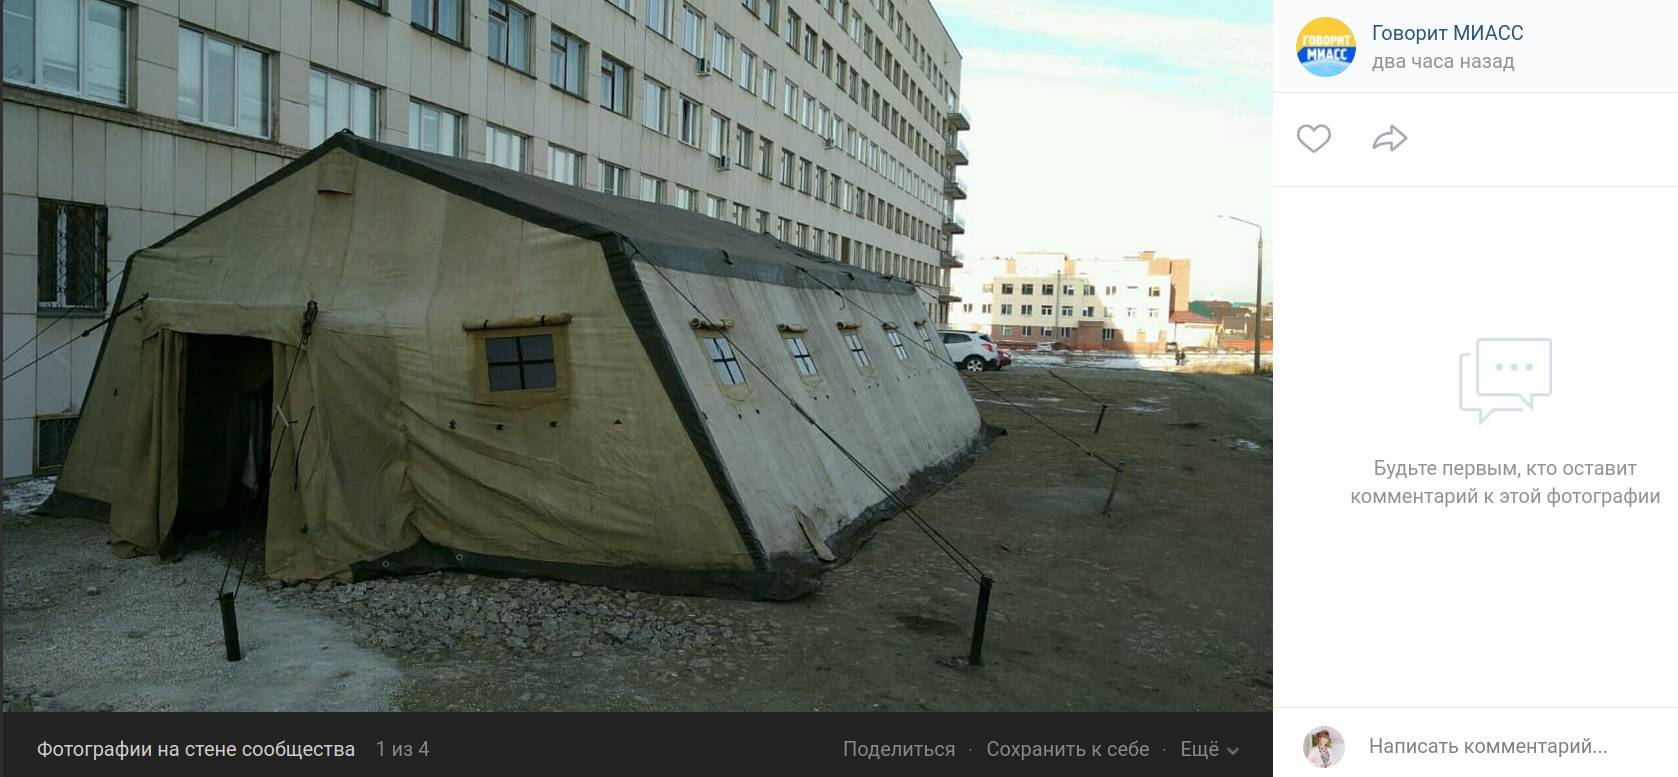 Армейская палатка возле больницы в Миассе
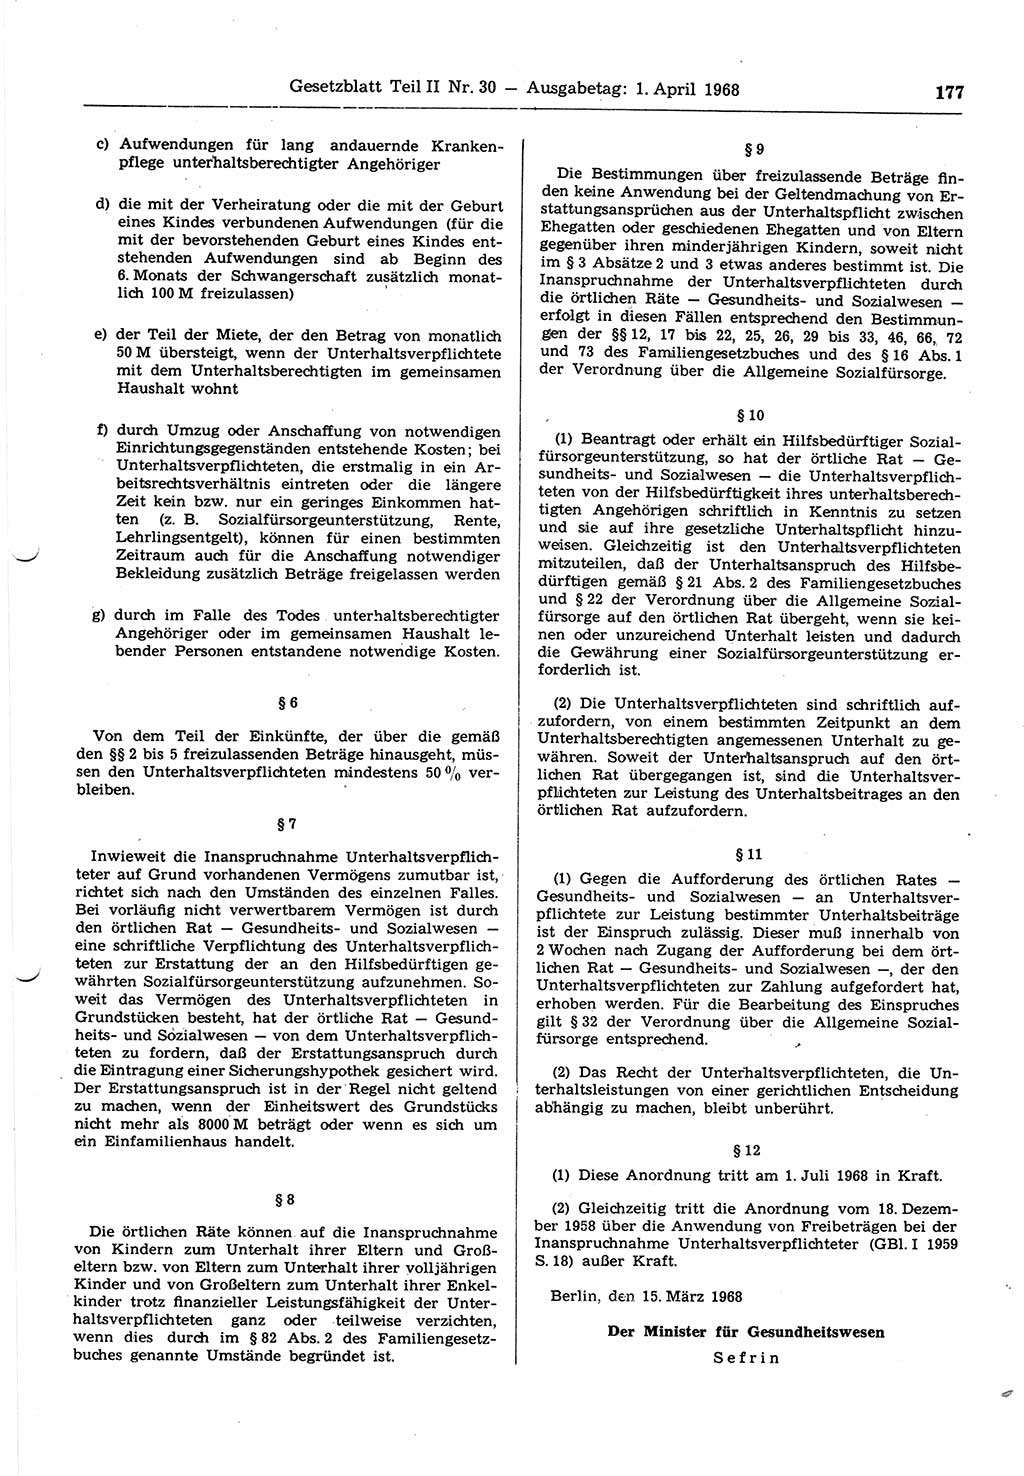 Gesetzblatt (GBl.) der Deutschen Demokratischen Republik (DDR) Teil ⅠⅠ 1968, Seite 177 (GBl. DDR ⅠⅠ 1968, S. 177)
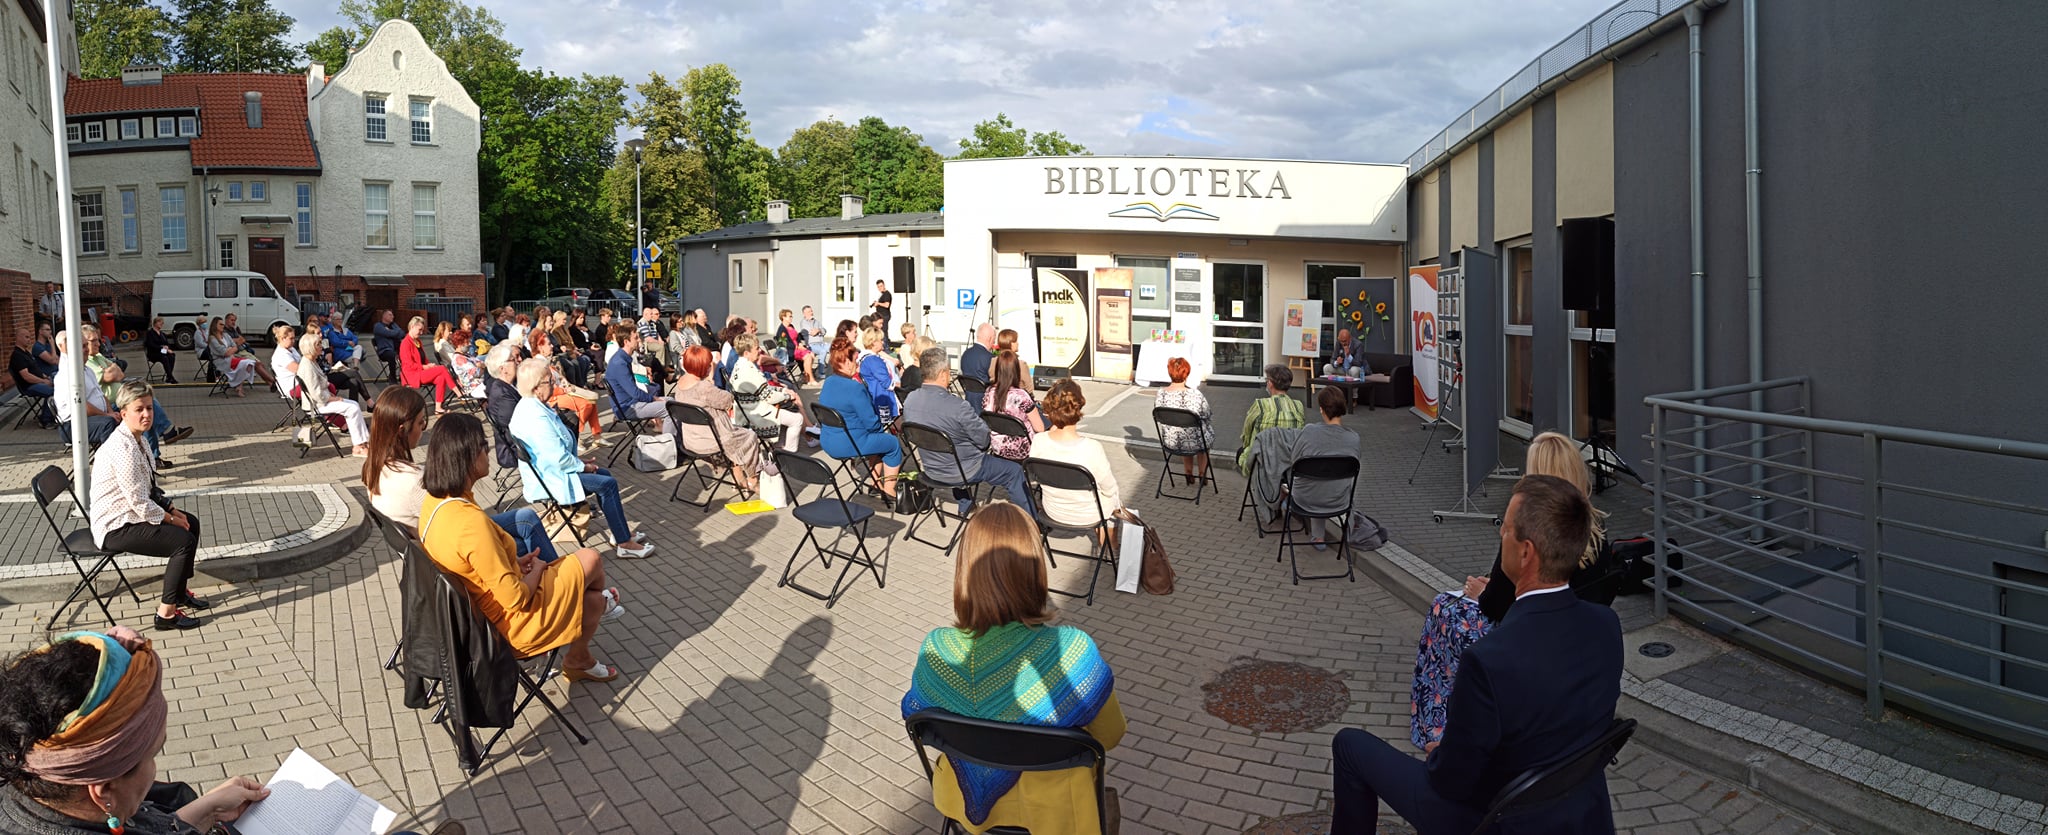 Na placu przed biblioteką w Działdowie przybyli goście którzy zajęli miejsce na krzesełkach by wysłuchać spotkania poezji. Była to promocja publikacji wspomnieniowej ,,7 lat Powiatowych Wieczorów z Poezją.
══════════════════════════════
**WHAT YOU WILL DO:** Please transcribe the lines from the one containing "Gesetzblatt (GBl.) der" to the last line of the listing, both included, exactly and with nothing added, leaving every picture out.

**RESPONSE FOR THIS EXERCISE:**
 Gesetzblatt (GBl.) der Deutschen Demokratischen Republik (DDR) Teil ⅠⅠ 1968, Seite 177 (GBl. DDR ⅠⅠ 1968, S. 177)
 Na placu przed biblioteką w Działdowie przybyli goście którzy zajęli miejsce na krzesełkach by wysłuchać spotkania poezji. Była to promocja publikacji wspomnieniowej ,,7 lat Powiatowych Wieczorów z Poezją.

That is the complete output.